Mapping of heading names to section content

Return type:

Dict[str, str]

kerb.parsing.extract_list_items(text, ordered=False)[source]

Extract list items from markdown text.

Parameters:

text (str) – Markdown text
ordered (bool) – Extract ordered lists (1. 2. 3.) vs unordered (- * +)

Returns:

List items

Return type:

List[str]

kerb.parsing.parse_markdown_table(text)[source]

Parse a markdown table into a list of dictionaries.

Parameters:: text (str) – Markdown table text
Returns:: List of rows as dictionaries
Return type:: List[Dict[str, str]]

Examples

>>> table = '''
... | Name | Age |
... |------|-----|
... | John | 30  |
... | Jane | 25  |
... '''
>>> parse_markdown_table(table)
[{'Name': 'John', 'Age': '30'}, {'Name': 'Jane', 'Age': '25'}]

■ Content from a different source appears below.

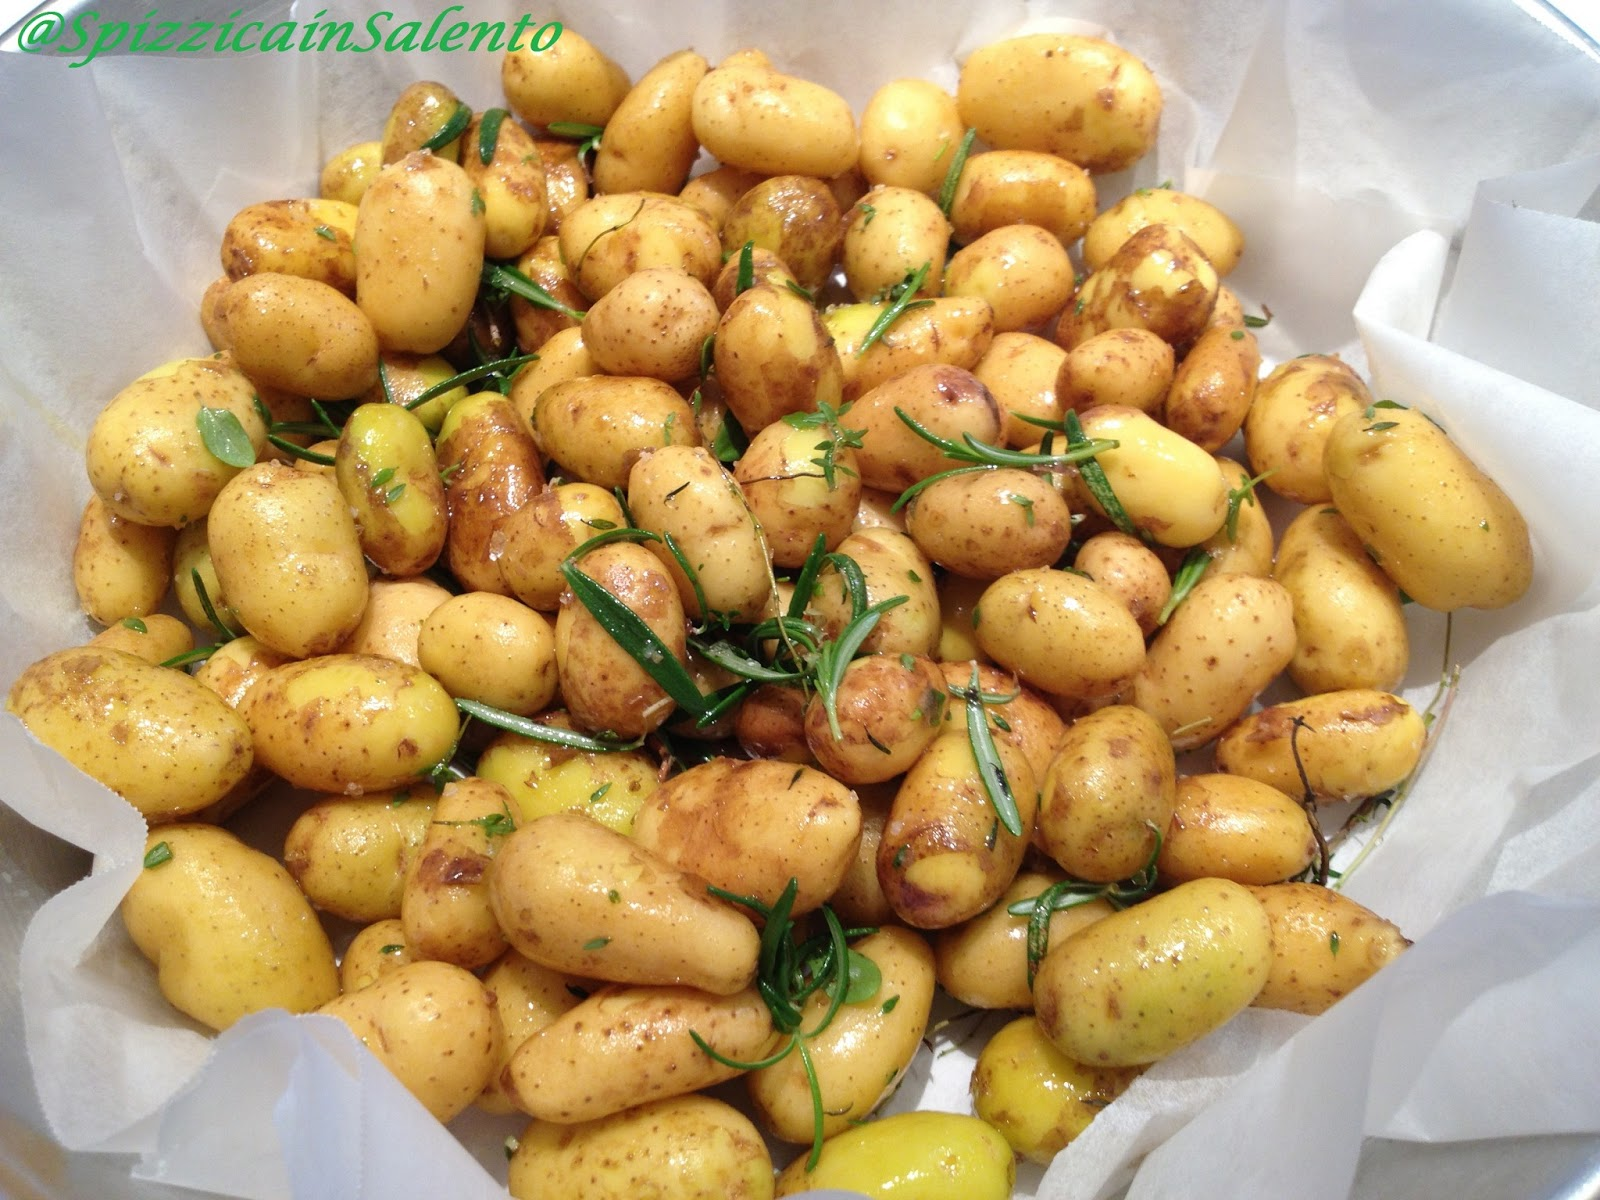 Spizzica in salento pommes de terre baby sieglinde au four aigres douces fr - Pomme de terre au four papier alu ...

kerb.parsing.validate_output(text, output_type, schema=None, model_class=None, custom_validator=None)[source]

Validate LLM output against expected format.

Parameters:

text (str) – LLM output text
output_type (str) – Expected type (‘json’, ‘json_array’, ‘json_object’, ‘pydantic’, ‘code’, etc.)
schema (Optional[Dict[str, Any]]) – JSON Schema for validation
model_class (Optional[Type]) – Pydantic model class for validation
custom_validator (Optional[Callable[[Any], bool]]) – Custom validation function

Returns:

Validation result with errors/warnings

Return type:

ValidationResult

kerb.parsing.retry_parse_with_fixes(text, parser_func, max_attempts=3)[source]

Retry parsing with increasingly aggressive fixes.

Parameters:

text (str) – Text to parse
parser_func (Callable[[str], ParseResult]) – Parser function to use
max_attempts (int) – Maximum retry attempts

Returns:

Final parse result

Return type:

ParseResult

kerb.parsing.clean_llm_output(text)[source]

Clean common artifacts from LLM outputs.

Removes: - Markdown code blocks - Leading/trailing whitespace - Common prefixes like “Here is…” or “Sure, here’s…”

Parameters:: text (str) – Raw LLM output
Returns:: Cleaned text
Return type:: str

Output parsing and validation for JSON, structured data, and function calls.